§ **Data below**:

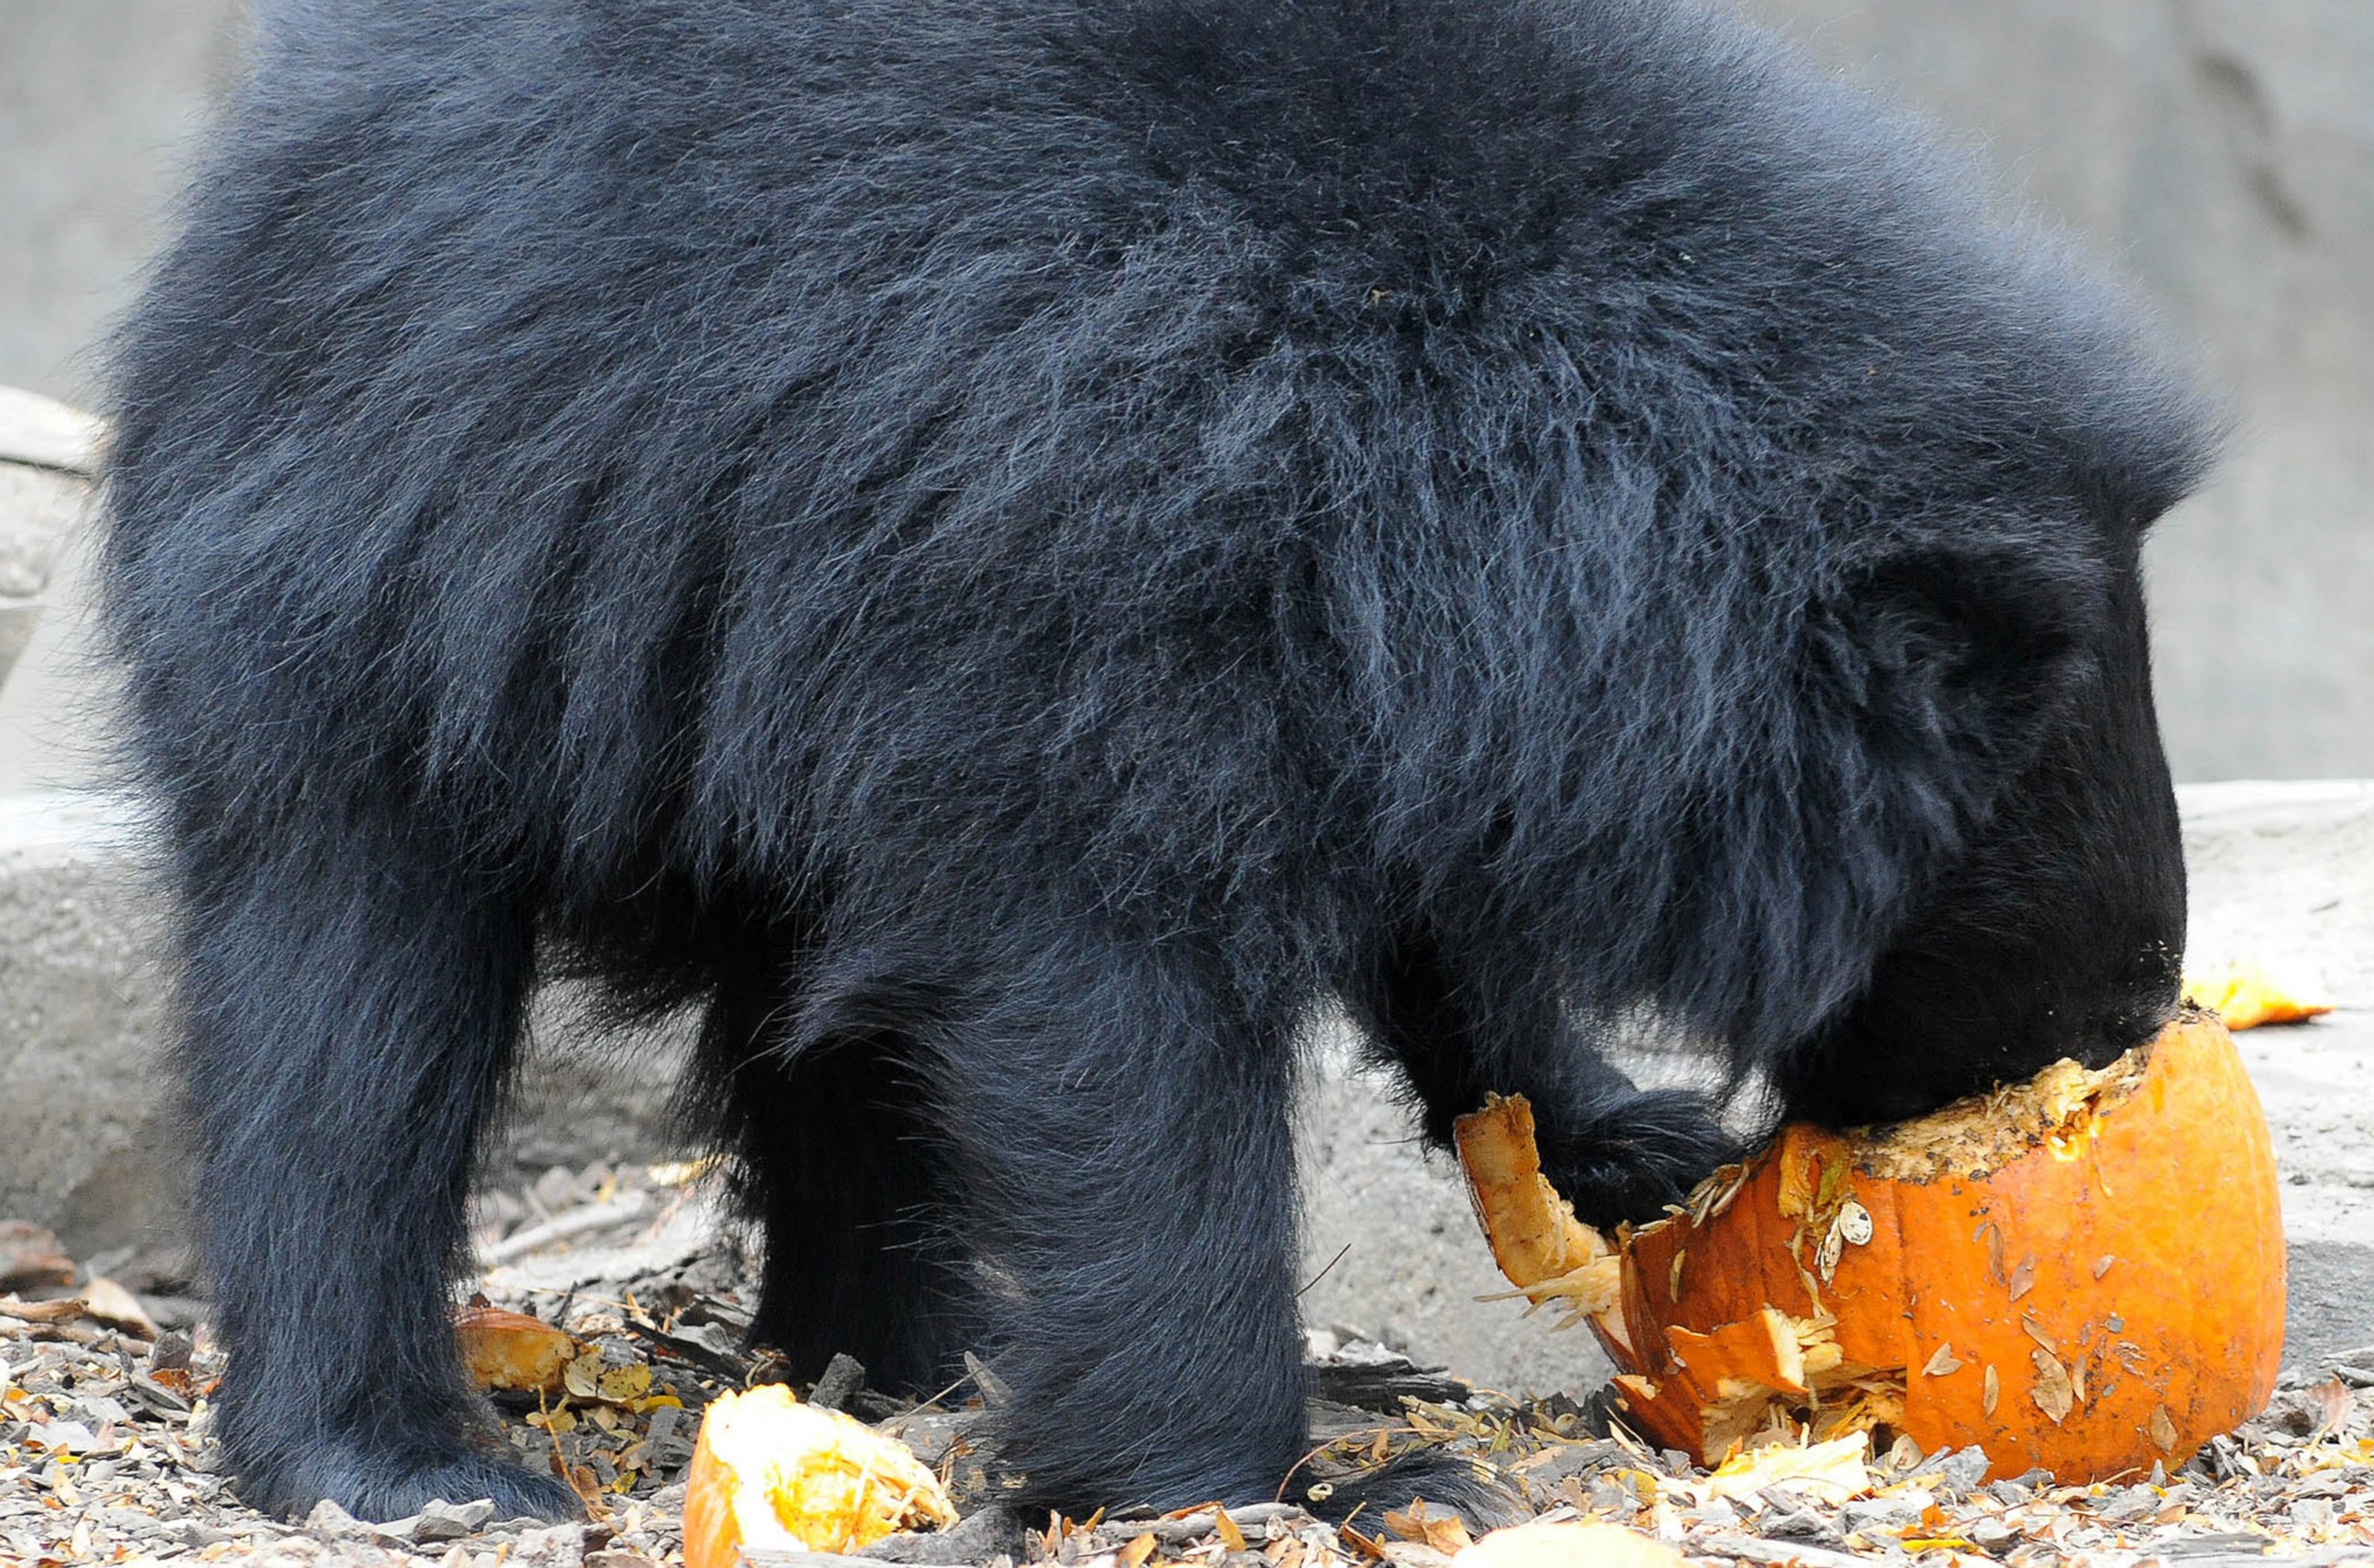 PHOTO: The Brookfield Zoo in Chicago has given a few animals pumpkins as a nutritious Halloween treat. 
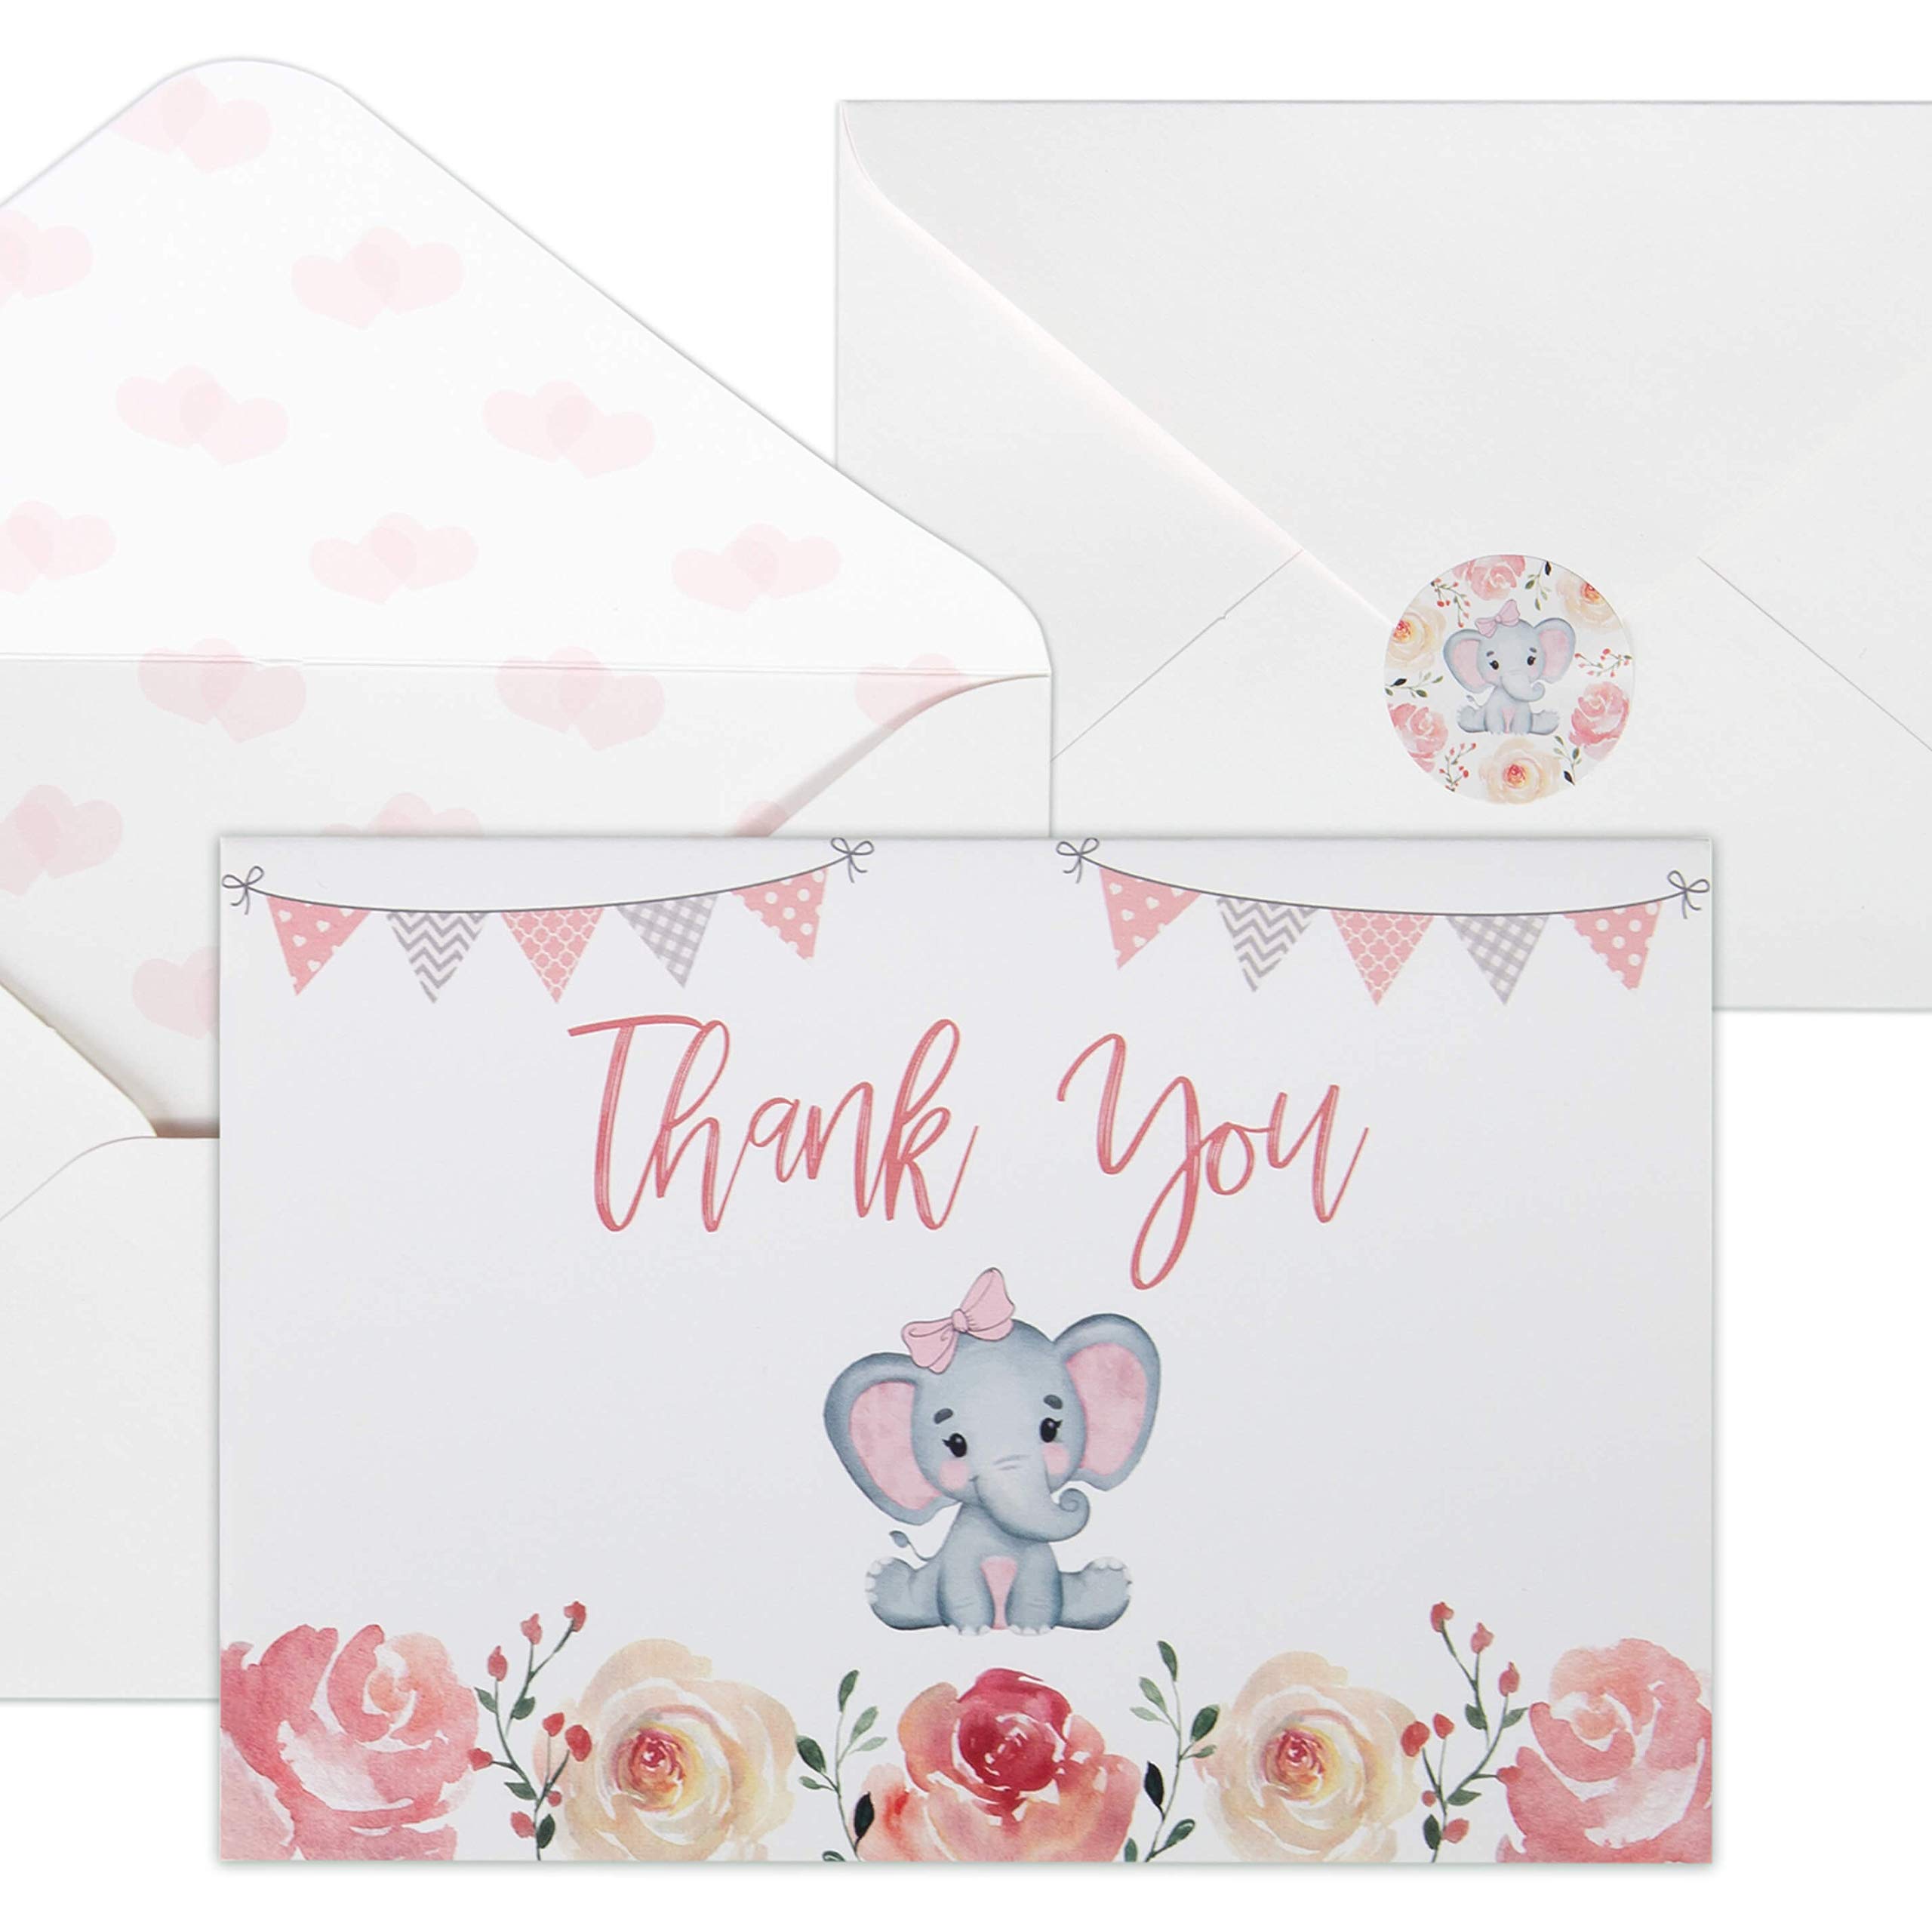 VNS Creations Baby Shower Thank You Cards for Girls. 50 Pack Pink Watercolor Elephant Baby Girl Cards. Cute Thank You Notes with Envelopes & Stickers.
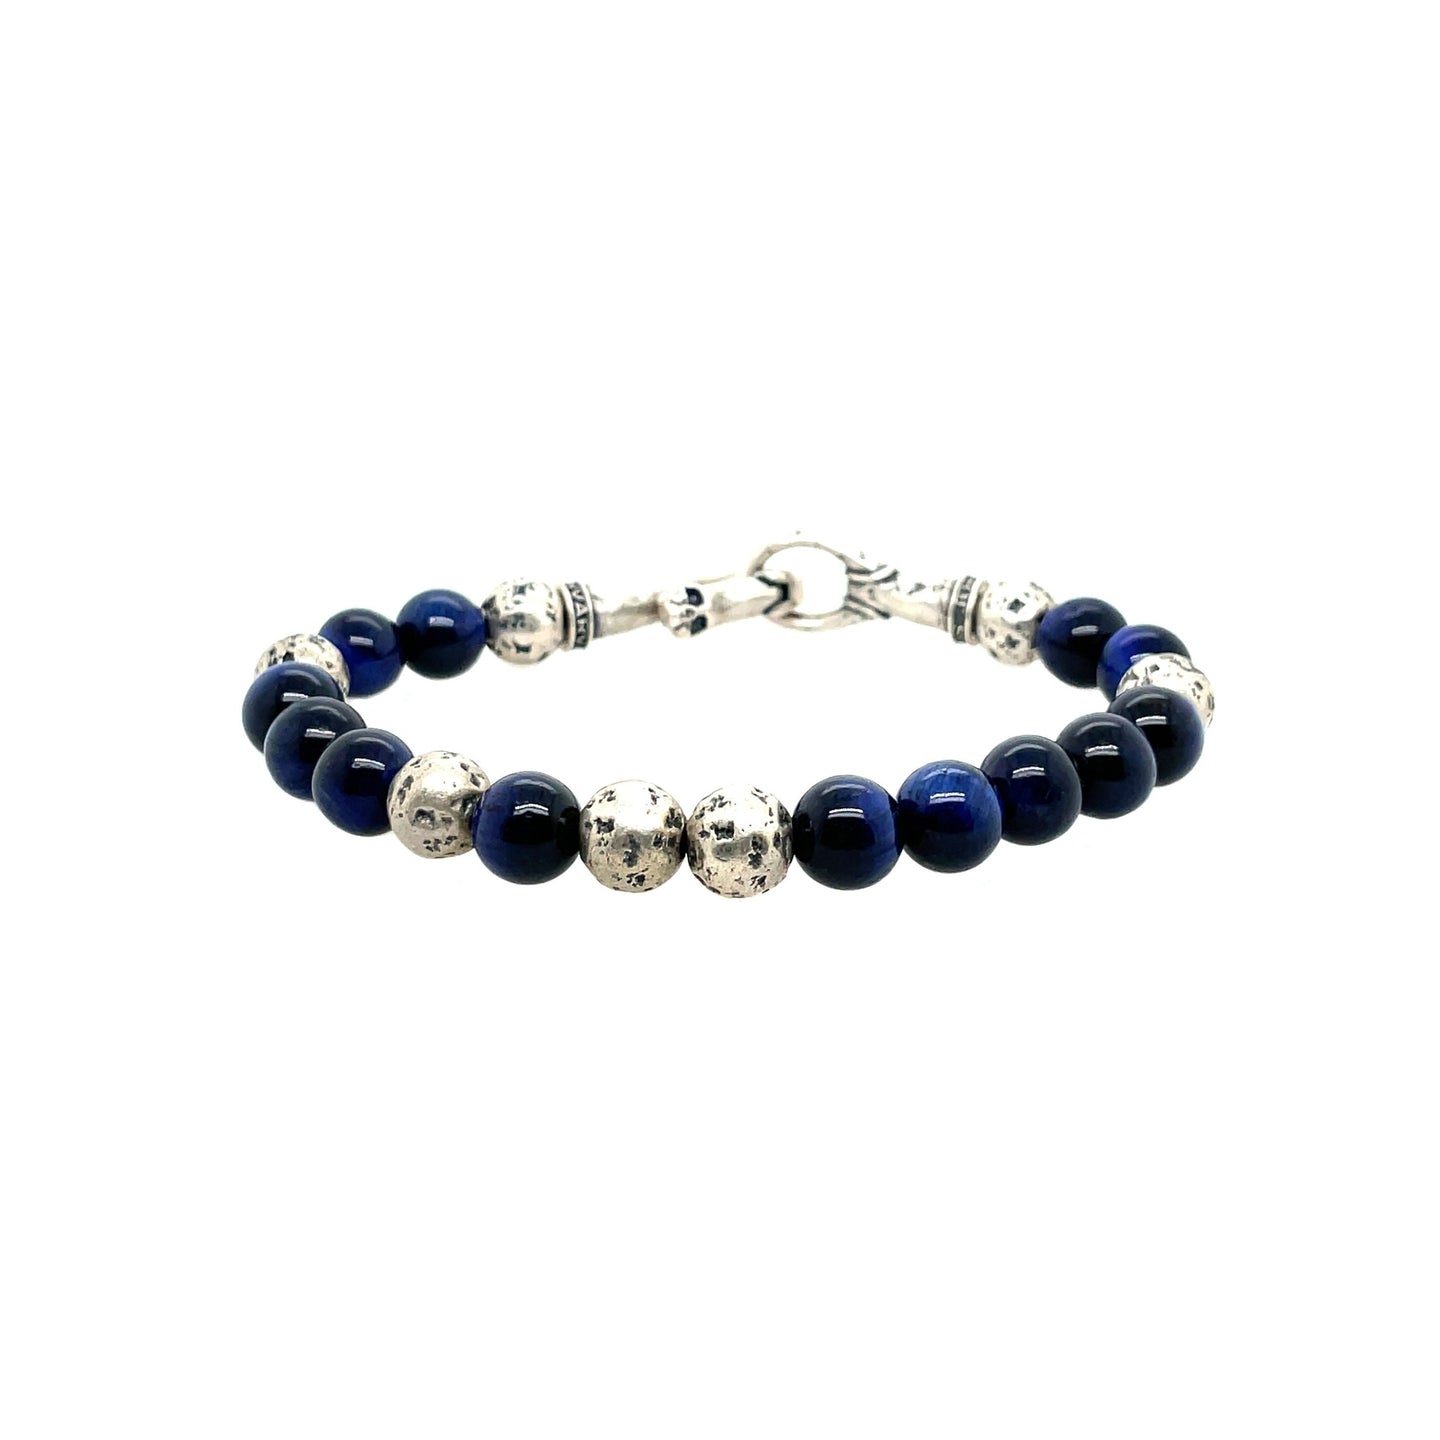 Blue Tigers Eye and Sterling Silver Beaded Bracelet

§ **Problem requirements**: What you write must match, line for line, the lines from the one with "VNS Creations Baby" through the last line of the data above, minus the pictures.

§ **Output**:
 VNS Creations Baby Shower Thank You Cards for Girls. 50 Pack Pink Watercolor Elephant Baby Girl Cards. Cute Thank You Notes with Envelopes & Stickers.
 Blue Tigers Eye and Sterling Silver Beaded Bracelet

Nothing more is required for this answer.